Khan Sabeen Abid, Parkash Arit, Ibrahim Mohsina
Department of Paediatric Medicine, National Institute of Child Health (NICH), Karachi.
J Coll Physicians Surg Pak. 2016 Nov;26(11):114-115.
DEND syndrome is a very rare syndrome of permanent neonatal diabetes mellitus, with an incidence of < 1/1000,000. It is defined as a triad of developmental delay, epilepsy, and neonatal diabetes.

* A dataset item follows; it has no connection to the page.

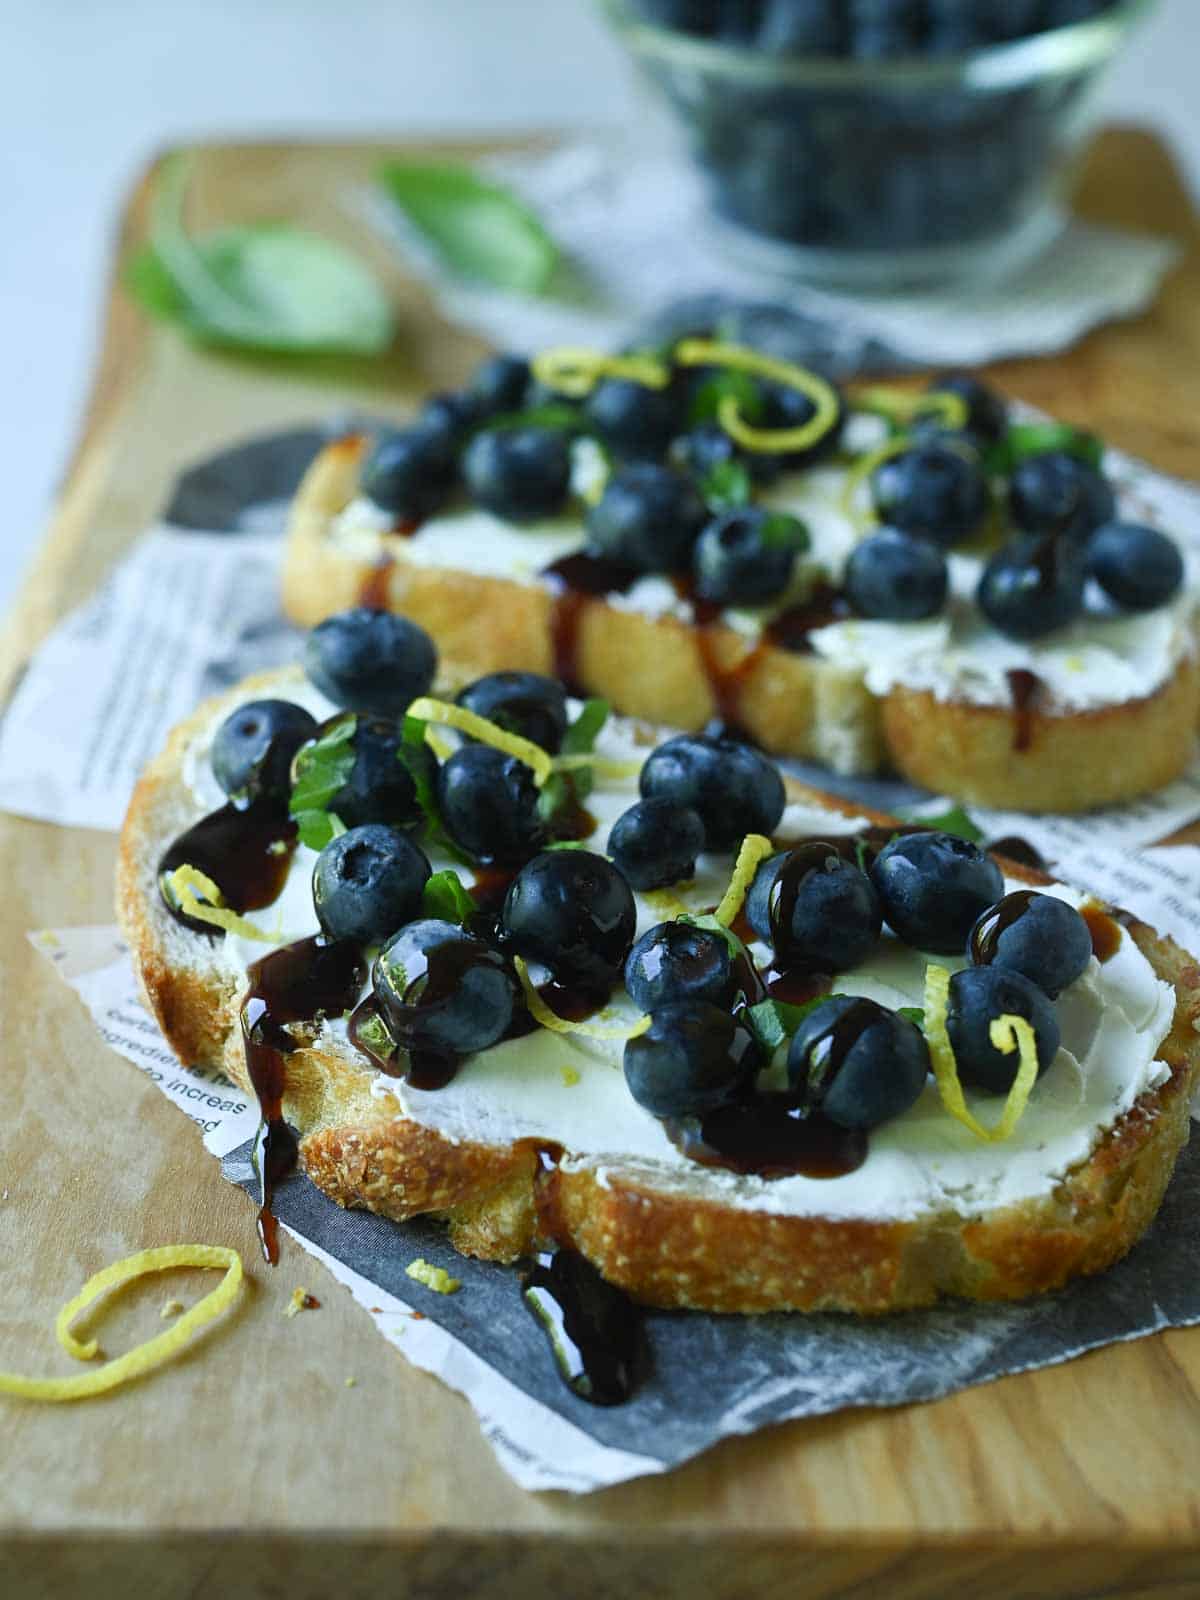 Two blueberry toasts on a wood board with date syrup drizzled on them.

We report the case of a 9-month infant girl who presented with the most severe form of neonatal diabetes mellitus spectrum along with developmental delay and epilepsy. Genetic mutation testing confirmed mutations in KCNJ11 gene encoding the Kir6.2 subunit of the K-ATPchannel, which are involved in insulin secretion. The use of oral sulfonylureas in treatment of such patients is showing promising results worldwide. The authors strongly recommend early referral and checking for genetic mutations in all patients of neonatal diabetes mellitus.
DEND综合征是一种极为罕见的永久性新生儿糖尿病综合征,发病率<1/1000000。它被定义为发育迟缓、癫痫和新生儿糖尿病三联征。我们报告了一例9个月大的女婴病例,她表现出最严重形式的新生儿糖尿病谱,同时伴有发育迟缓和癫痫。基因突变检测证实了编码K-ATP通道Kir6.2亚基的KCNJ11基因发生突变,该基因与胰岛素分泌有关。在全球范围内,使用口服磺脲类药物治疗此类患者显示出了有前景的结果。作者强烈建议对所有新生儿糖尿病患者尽早转诊并检查基因突变。